> Dataset section:
------------------------------------------------

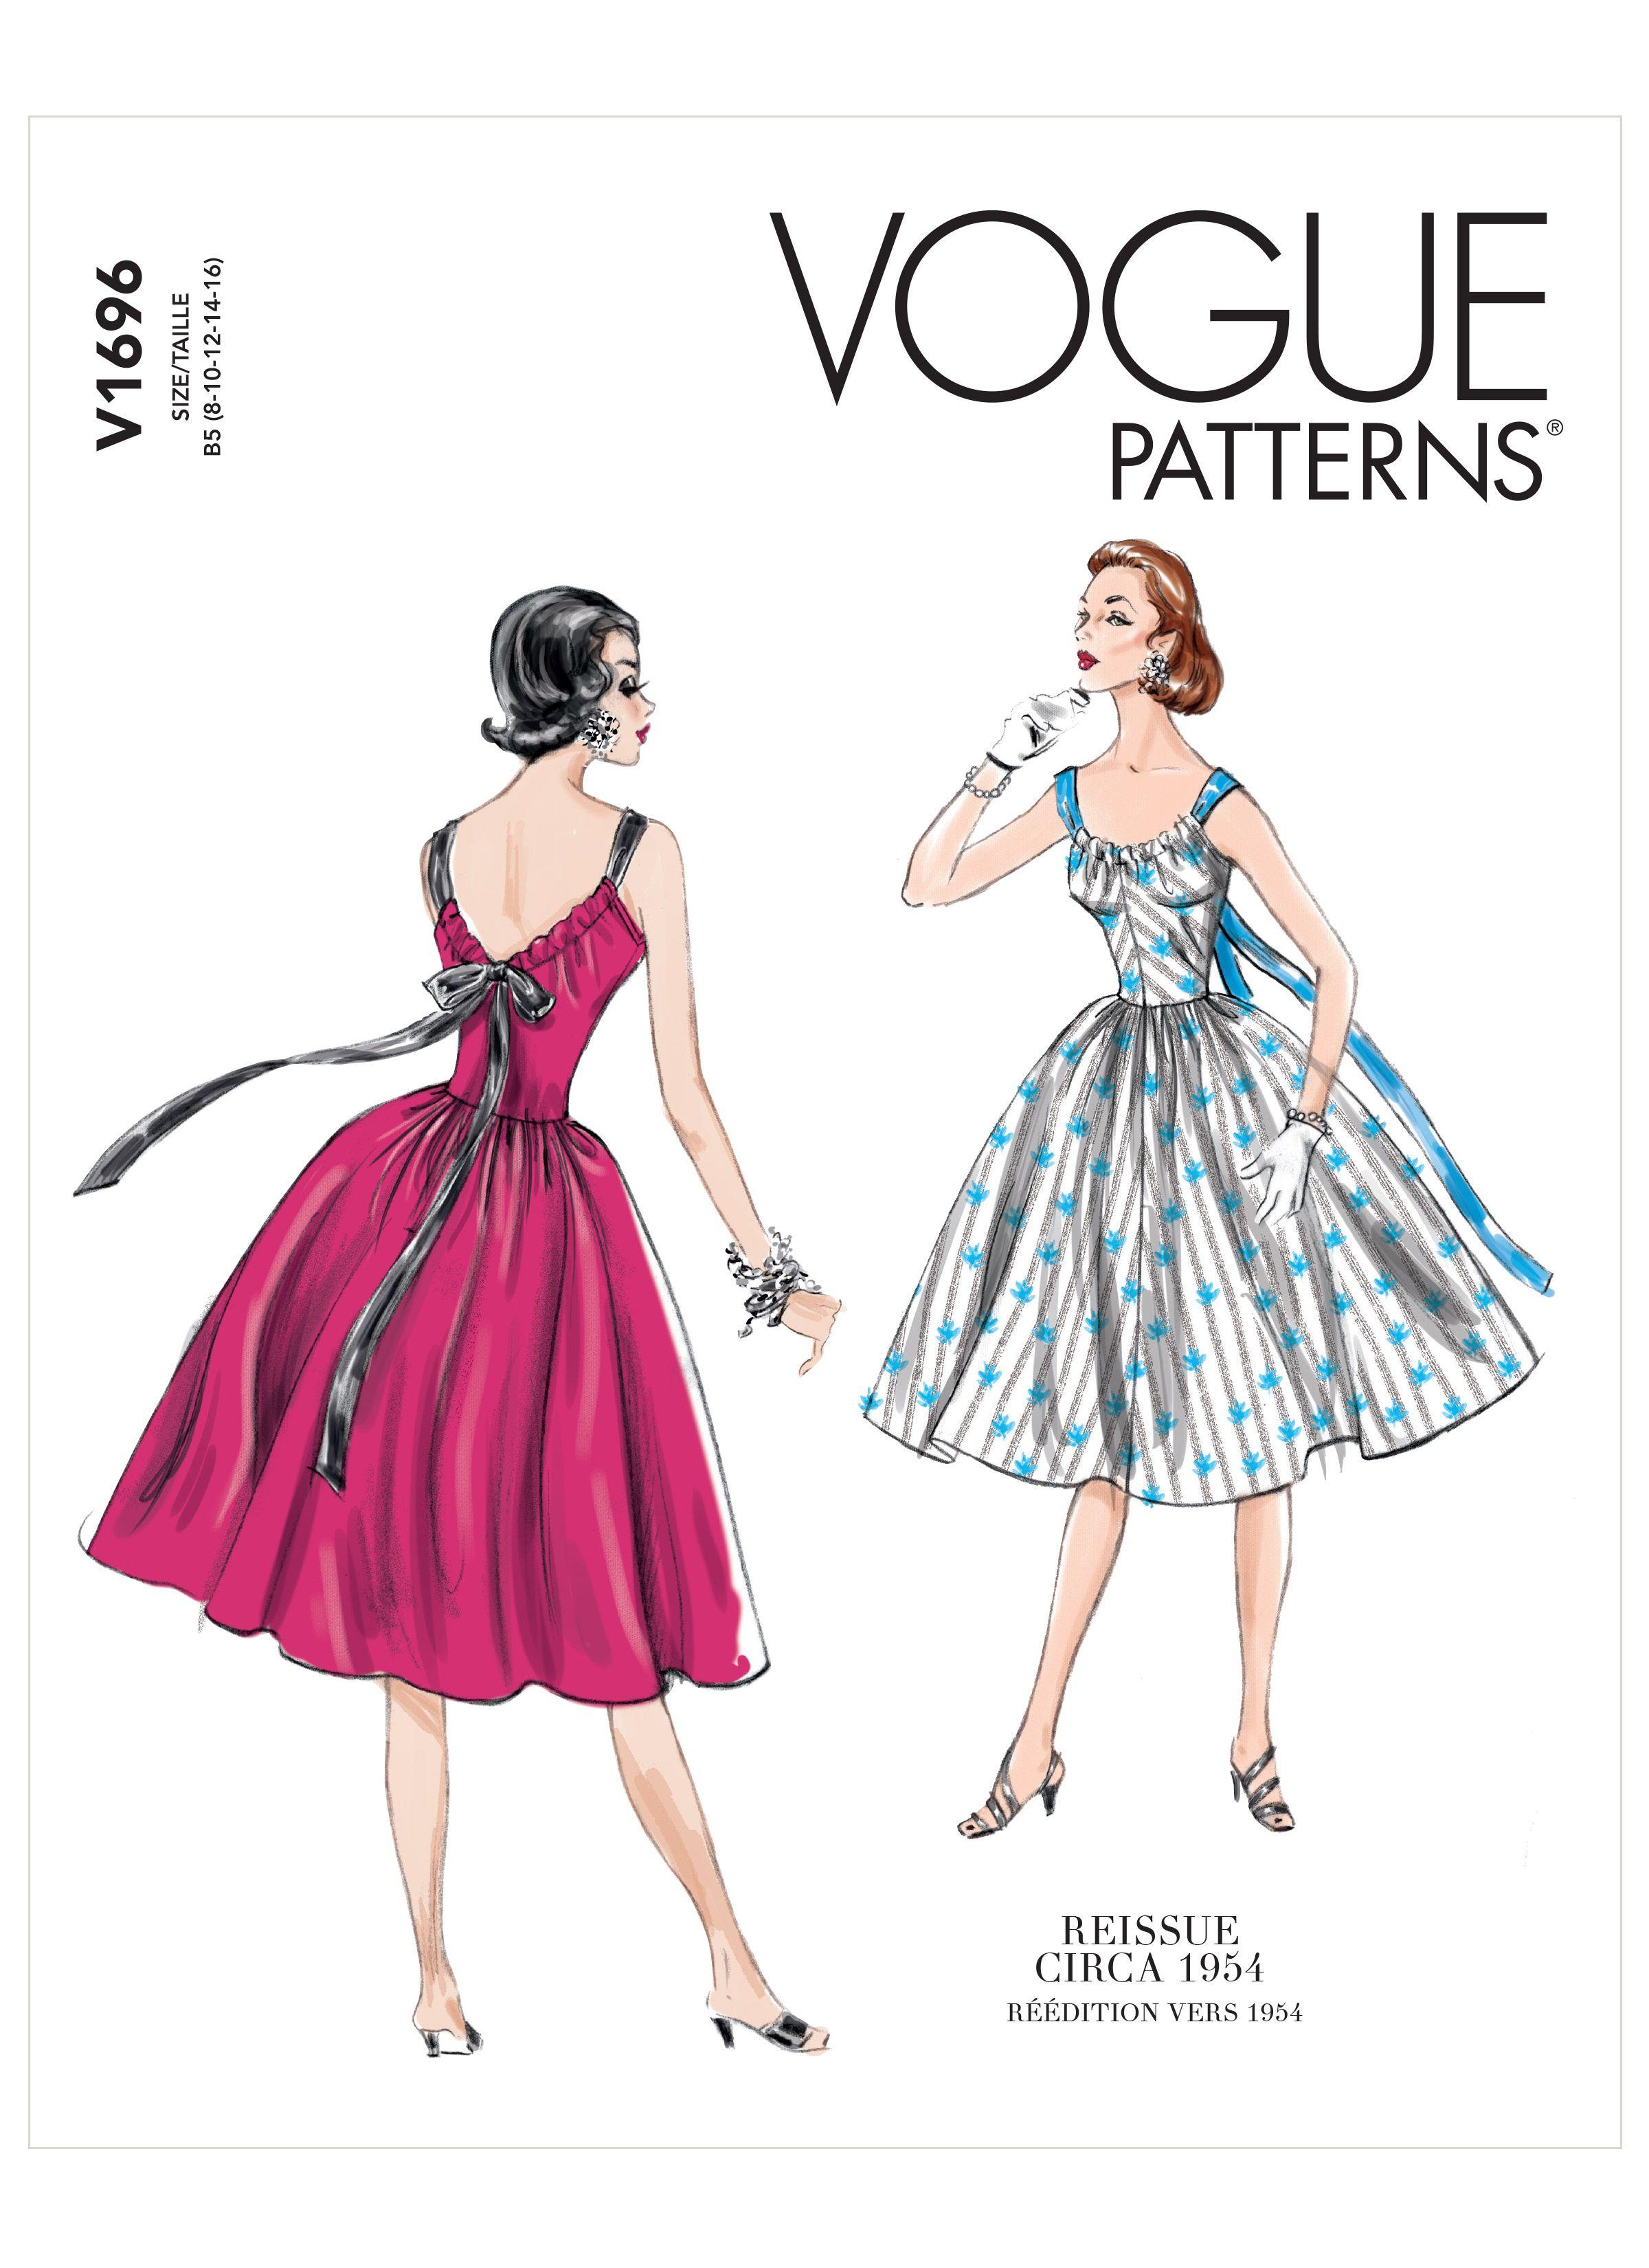 V1696 Sewdirect In 2020 Vogue Patterns Vogue Dress Patterns Vintage Vogue Patterns
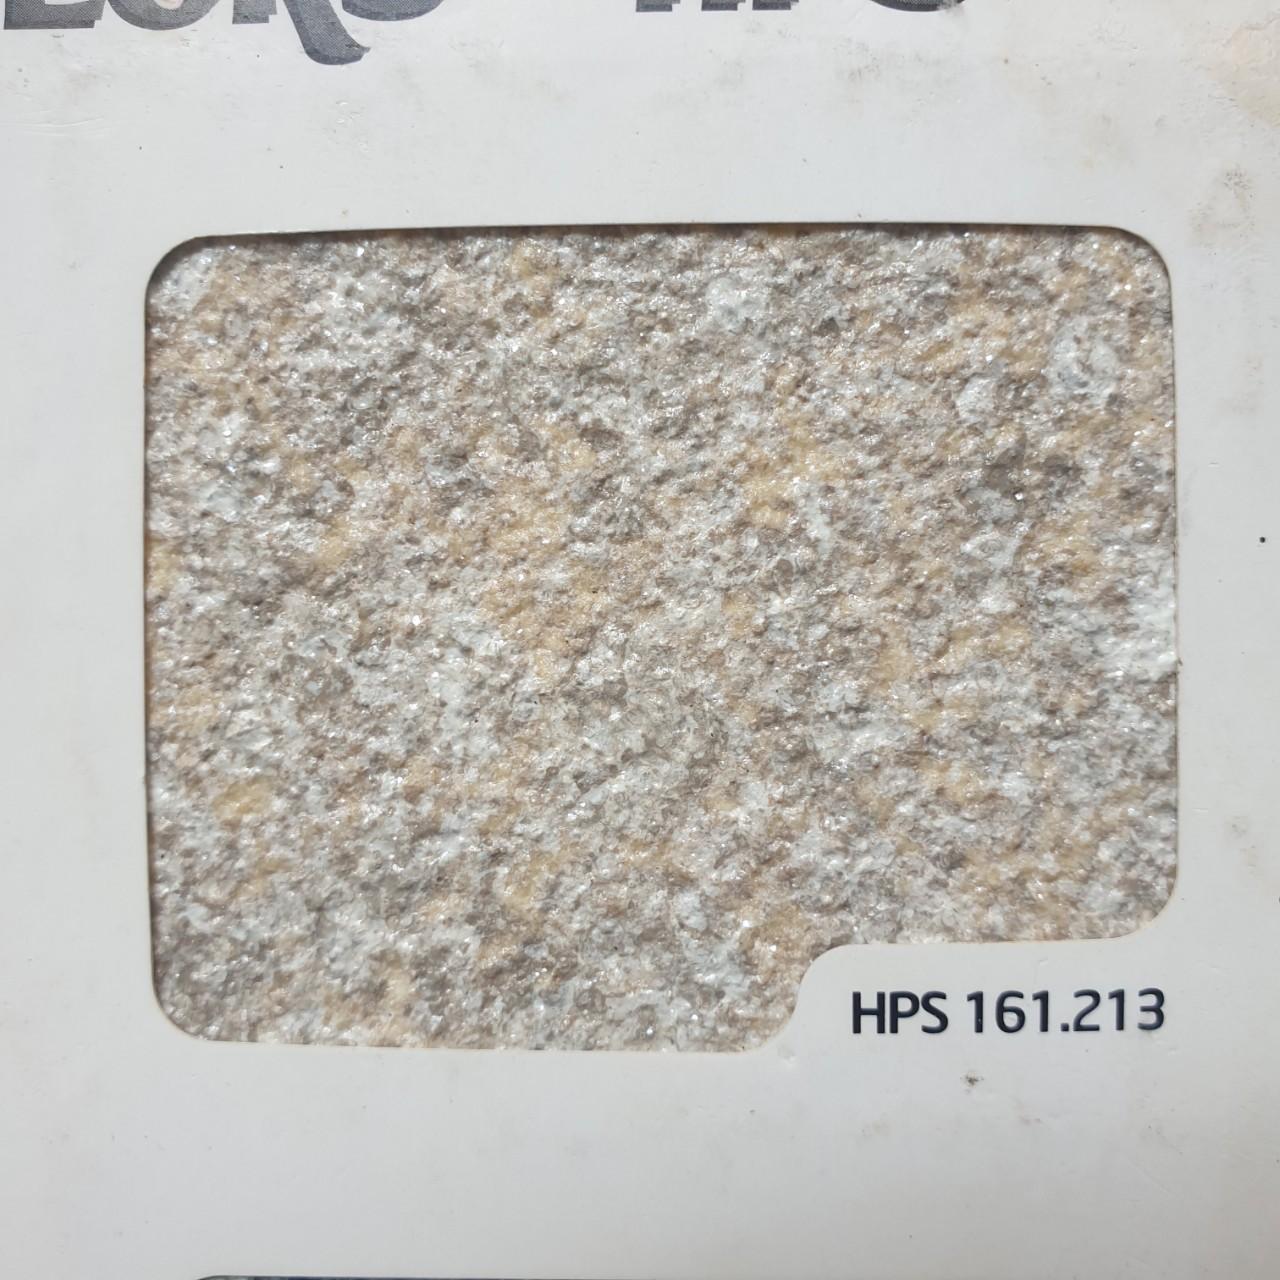 HPS 161 213
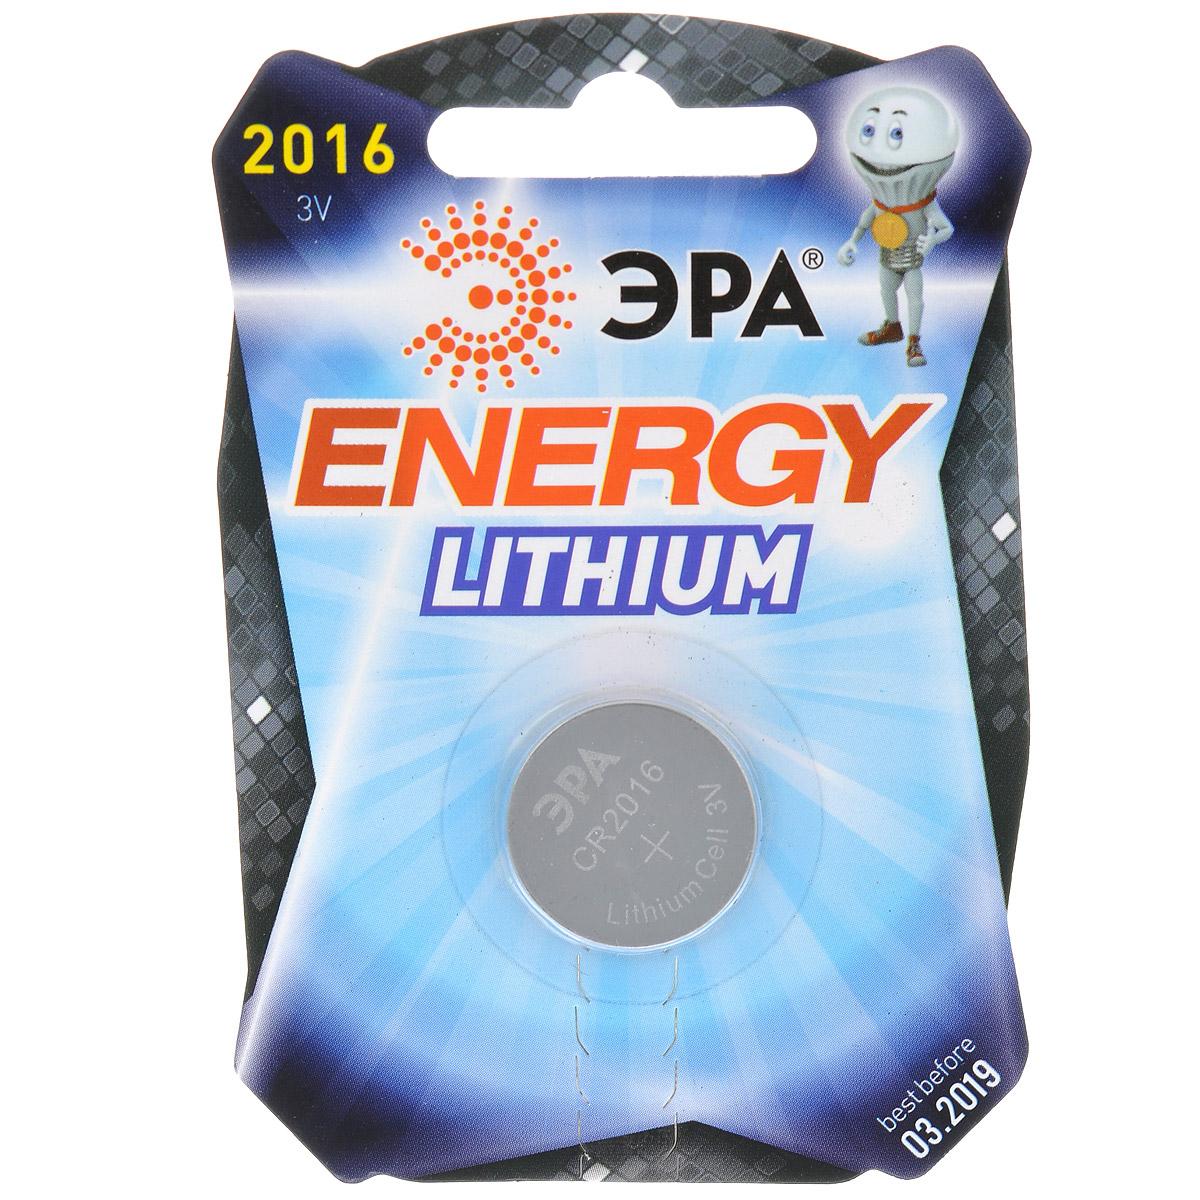 Батарейка литиевая ЭРА Energy, тип CR2016 (1BL), 3В37621Литиевые батарейки ЭРА Energy оптимально подходят для повседневного питания множества современных бытовых приборов: электронных игрушек, фонарей, беспроводной компьютерной периферии и многого другого. Батарейки созданы для устройств с высоким потреблением энергии. Работают в 10 раз дольше, чем обычные солевые элементы питания. Диаметр батарейки: 1,9 см.Уважаемые клиенты!Обращаем ваше внимание на возможные изменения в дизайне упаковки. Качественные характеристики товара остаются неизменными. Поставка осуществляется в зависимости от наличия на складе.

------------------------------------------------

> Problem description:
Repeat only the lines between the start of the data and the line with "HPS 161 213", including those two lines, and skip the pictures.

> Your solution:
 V1696 Sewdirect In 2020 Vogue Patterns Vogue Dress Patterns Vintage Vogue Patterns
 HPS 161 213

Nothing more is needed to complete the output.